Psalm 23 – An Eschatological Reading (Part 2)

In a previous post I argued that Psalm 23 should be read as a corporate song expressing the hope Israel has in their God as a Good Shepherd.  The song is laced with messianic hope for a future true Shepherd who will lead them out of the “valley of the shadow of death” to the House of the Lord, where they will live forever.  As I stated previously, the two metaphors (God as shepherd and God as host) are common metaphors expressing messianic hope in the Hebrew Bible and they are often paired (Ezekiel 34 and Isa 40-55, for example).

The presence of the Shepherd is a comfort to the flock.  Unlike Psalm 22, the worshiper feels the presence of God in a very real way and he is comforted by this.   While it is true that “to comfort does not mean to sympathize but to encourage,” (HALOT, 689, citing Elliger), the word has a very tender and compassionate undertone. It is often associated with comforting someone after the death of a loved one.  The word is used in Gen 37:35 to describe the effort of the family to comfort Jacob after Joseph appears to have been killed (cf. Jer 16:17).

The word appears in several Messianic contexts.  In Isa 61:2 the activities of the “anointed one” includes comforting those who mourn. This is the text Jesus read in Nazareth at the beginning of this ministry, directly applying it to himself as the Messiah, the good Shepherd who will comfort the one who mourns.  In Isa 66:13, when Jerusalem is restored, she will be comforted by the Lord as a mother comforts her child.

There are a number of texts which describe God as tenderly comforting Israel (Isa 1:21; Ps 71:21 86:17 119:82; God comforts his people Isa 49:13, 52:9, 66:13, God comforts Zion, Isa 51:3; Zech 1:17; Isa 51:12 Jer 31:13, Lam 2:13; Ps 119:76, with hesed).  Perhaps most significant for the argument I am making here is Jer 31:13 which describes the future time when God makes a New Covenant with his people.  “Then shall the young women rejoice in the dance, and the young men and the old shall be merry. I will turn their mourning into joy; I will comfort them, and give them gladness for sorrow.”  The future age will be characterized by a reversal of Israel’s mourning (Lam 2:13).  Instead she will rejoice as the Lord tenderly comforts her.
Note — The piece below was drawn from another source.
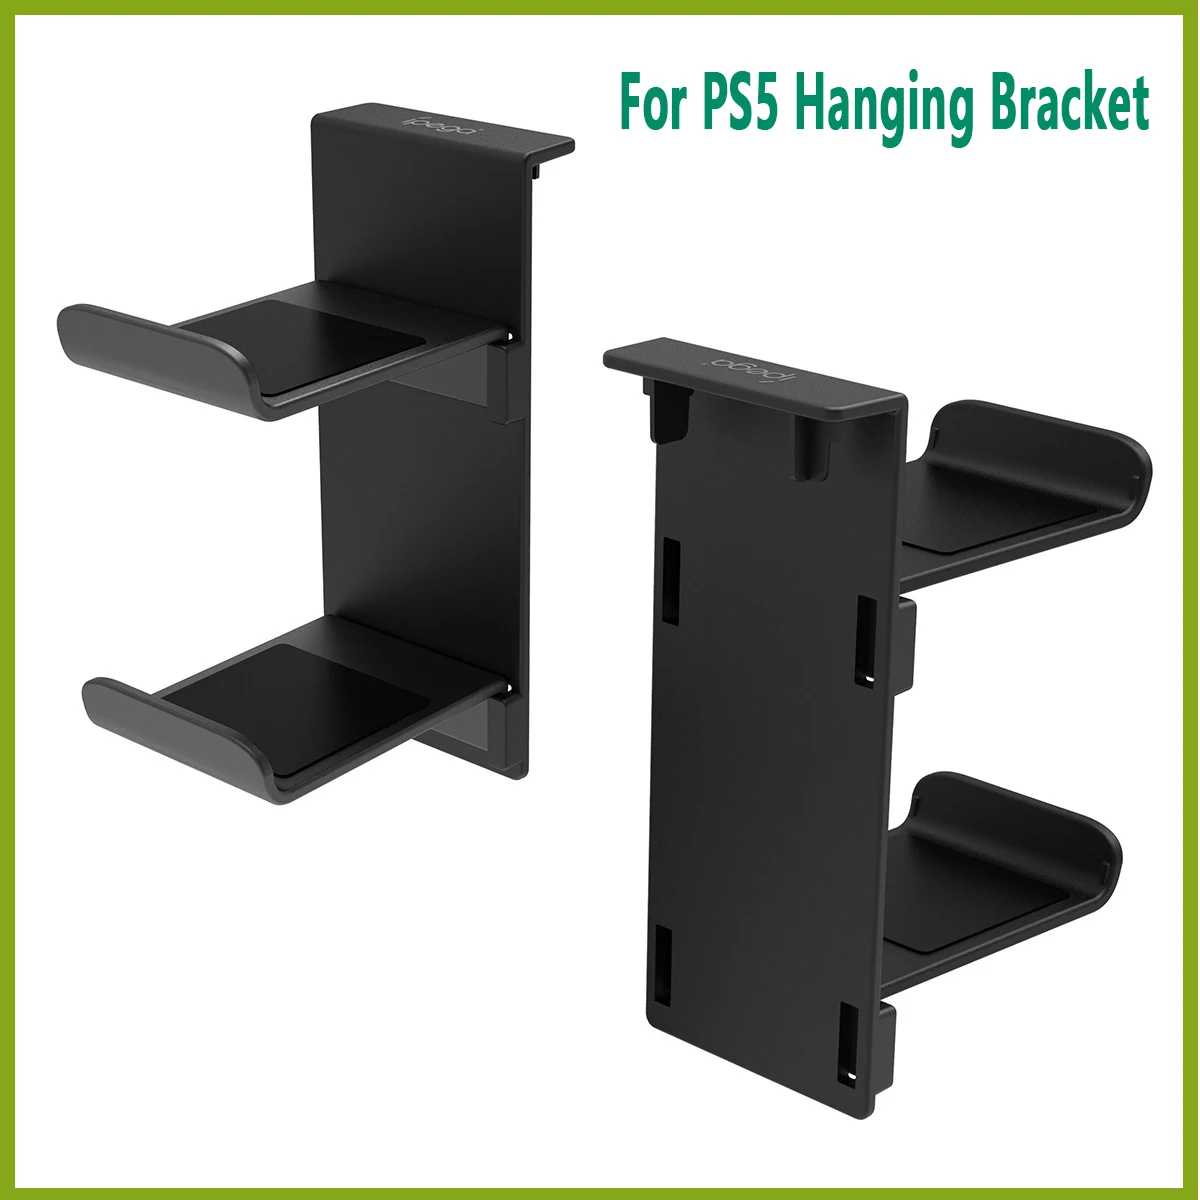 For PS5 hanging bracket for PS5 game handle headphone mount XSX handle side mount headphone mount Storage bracket

Verse five has three metaphors which are usually found in the context of the Messiah elsewhere in the Hebrew Bible. A Banquet Table

Preparing a Table – Messianic Banquet.  This is a banquet eaten in the presence of the enemy.  This may be a result of a treaty (the enemy is invited to eat with the King who conquered them), or more likely the table is spread on the field of battle and the enemy is destroyed. To “spread a table” implies a sumptuous meal. While the word table can refer to any meal, it is used for a king’s banquet (Judg 1:7 1Sam 20:29, 34, 2Sam 9:7,10, 11, 13; 19:29 1Kings  2:7, 5:7 10:5 / 2 Chron 9:4; Dan 11:27; Neh 5:17), this does not have to be a table, but rugs spread out on the ground for a king to eat a banquet, as Isa 21:5.   The term is used of an eschatological banquet in Isa 65:11, the Lord sets a table for Fortune, and in Ps 78:19 it refers to God setting a table in the wilderness, in Prov 9:2 Lady Wisdom has prepared a table.)

Anointing with Oil – Messiah.  This is not the word typically used for anointed which becomes the title Messiah. The verb דשן in the piel has the connotation of refreshment or enrichment.  But since the object is the psalmist’s head, and oil is used to “refresh his head,” anointing with oil seems to be the meaning.  It is used in another messianic text, Psalm 45:7. The cognate noun is used to describe foods at the eschatological banquet, they are “fatty” (Isa 55:2, Jer 31:4, cf. Ps 36:9, 63:6, 65:12 for rich, abundant foods).  This word is also a connection between the end of Psalm 22 and Psalm 23. Psalm 22:30 may use a rare form of this verb meaning “grow fat.”

Overflowing Cup – The banquet described is abundant, the worshiper’s cup (goblet) of wine is never empty, it overflows.  The word is rare in the Hebrew Bible, but in cognate languages the verb has the idea of satisfaction of appetite and even drunkenness, but also irrigation, springs, a good water supply.

The psalm began with an affirmation of faith in the gracious provision of the Lord even in the midst of suffering, but it ends with a future hope that the Lord’s people will dwell in his presence forever.

Despite the fact that we tend to personalize Psalm 23, read in the context of the Hebrew Bible, it is likely that God as Shepherd implies Israel as sheep.  As the nation passes through the valley of the shadow of death, they need not be afraid since the Lord defends them and will comfort them when they suffer.